Amir Bruno Elmaani — also known as “Bruno Block” — allegedly claimed he had only earned $15,000 in his 2017 tax return and that he earned nothing in 2018. Despite that, he’s accused of buying a $10-million yacht, two homes and spending $700,000 in home improvement stores.
The 28-year-old is believed to have kept gold bars in a safe on his yacht and to have used large sums of cash to pay for personal expenses.
If convicted, Elmaani faces five years in prison for each count of tax evasion.
“After this arrest, he won’t be sailing anywhere anytime soon,” FBI assistant director William Sweeney added.

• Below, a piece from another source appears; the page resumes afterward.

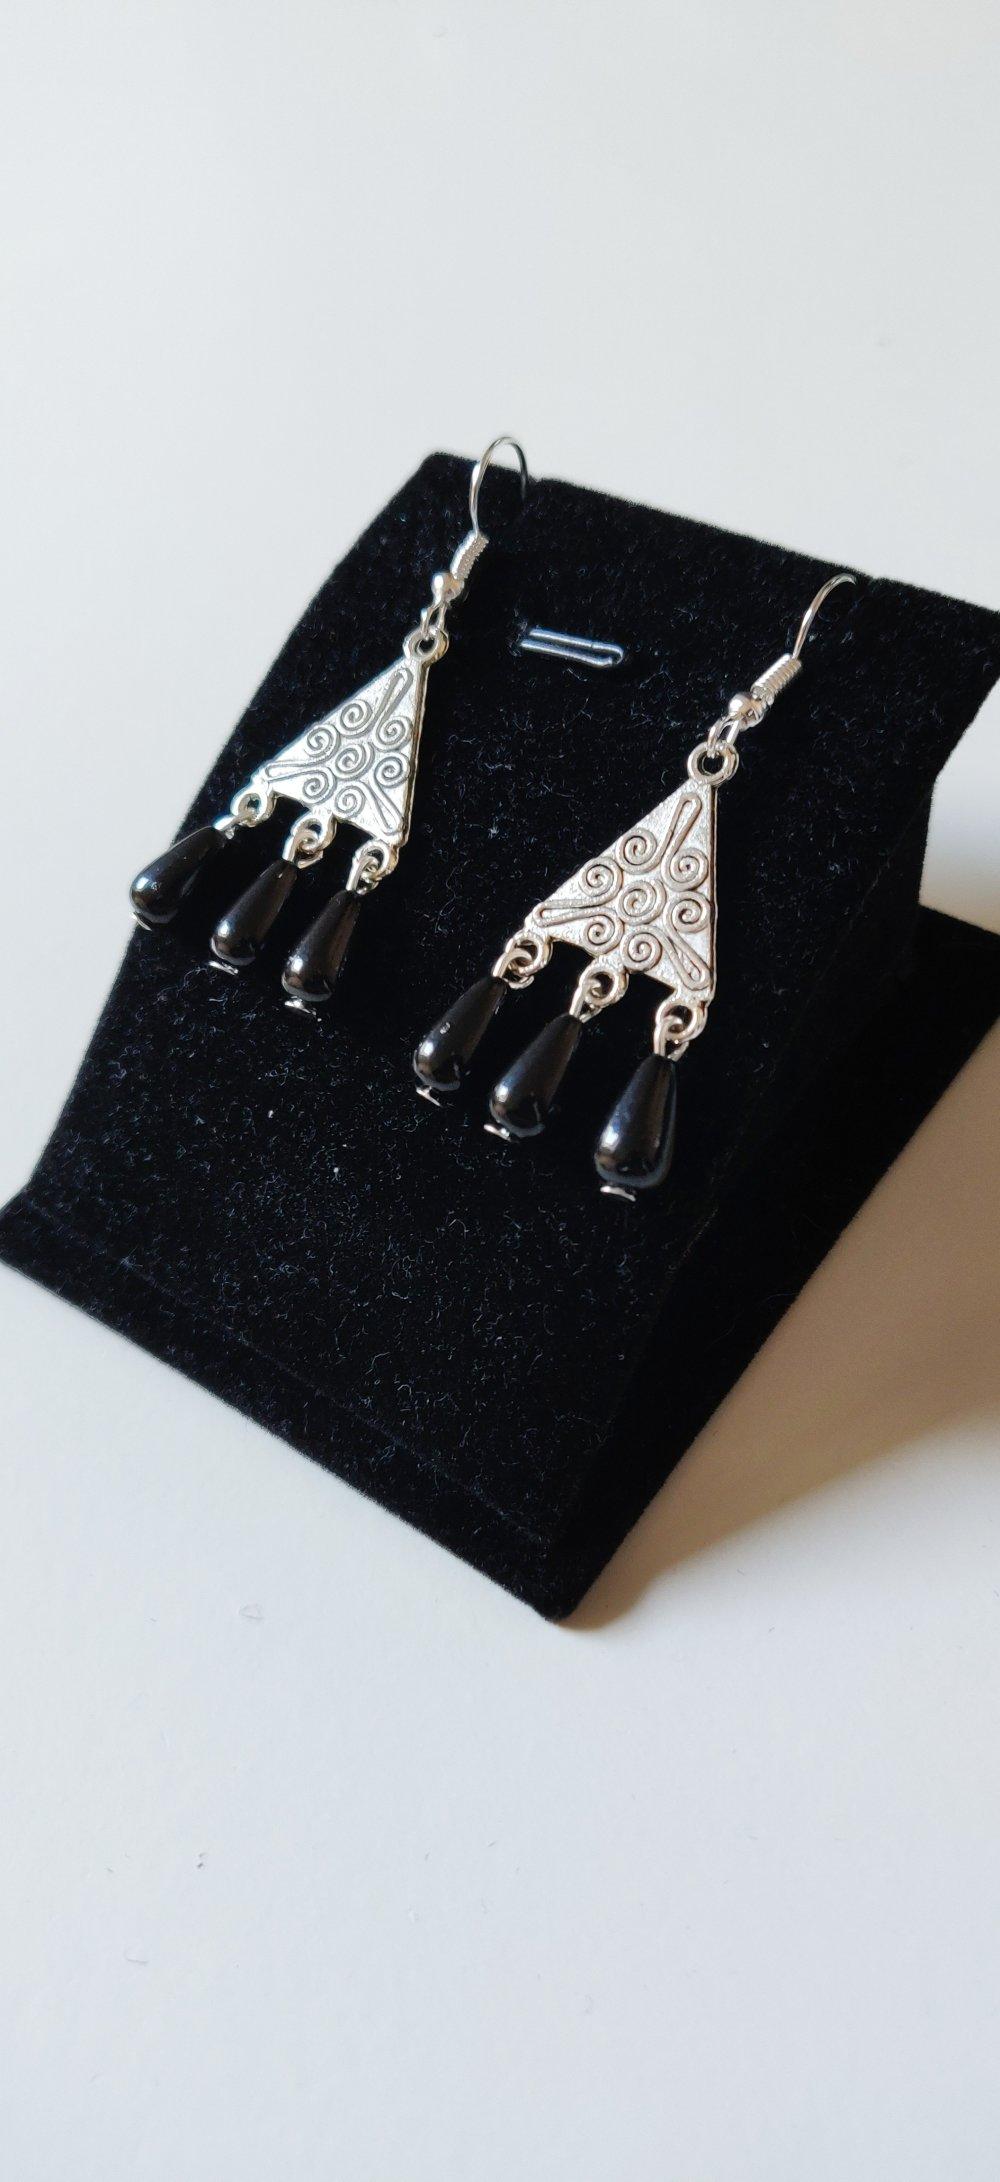 Boucles d'oreilles vintage maya argenté noire idée cadeau cadeau Miss Perles

Execs from “99% fake” exchange face charges over market manipulation
Executives of what was once South Korea’s third-largest cryptocurrency exchange have been charged over market manipulation allegations.
Prosecutors are preparing a case against Coinbit chairman Choi Mo and two unnamed executives on charges of fraud and forgery.
The police searched and confiscated a number of properties associated with Coinbit in a series of August raids. At that time, authorities estimated that 99% of the exchange’s volume had been faked by wash trading BTC and other cryptocurrencies and that those responsible for the exchange’s fraudulent activities had netted $84 million.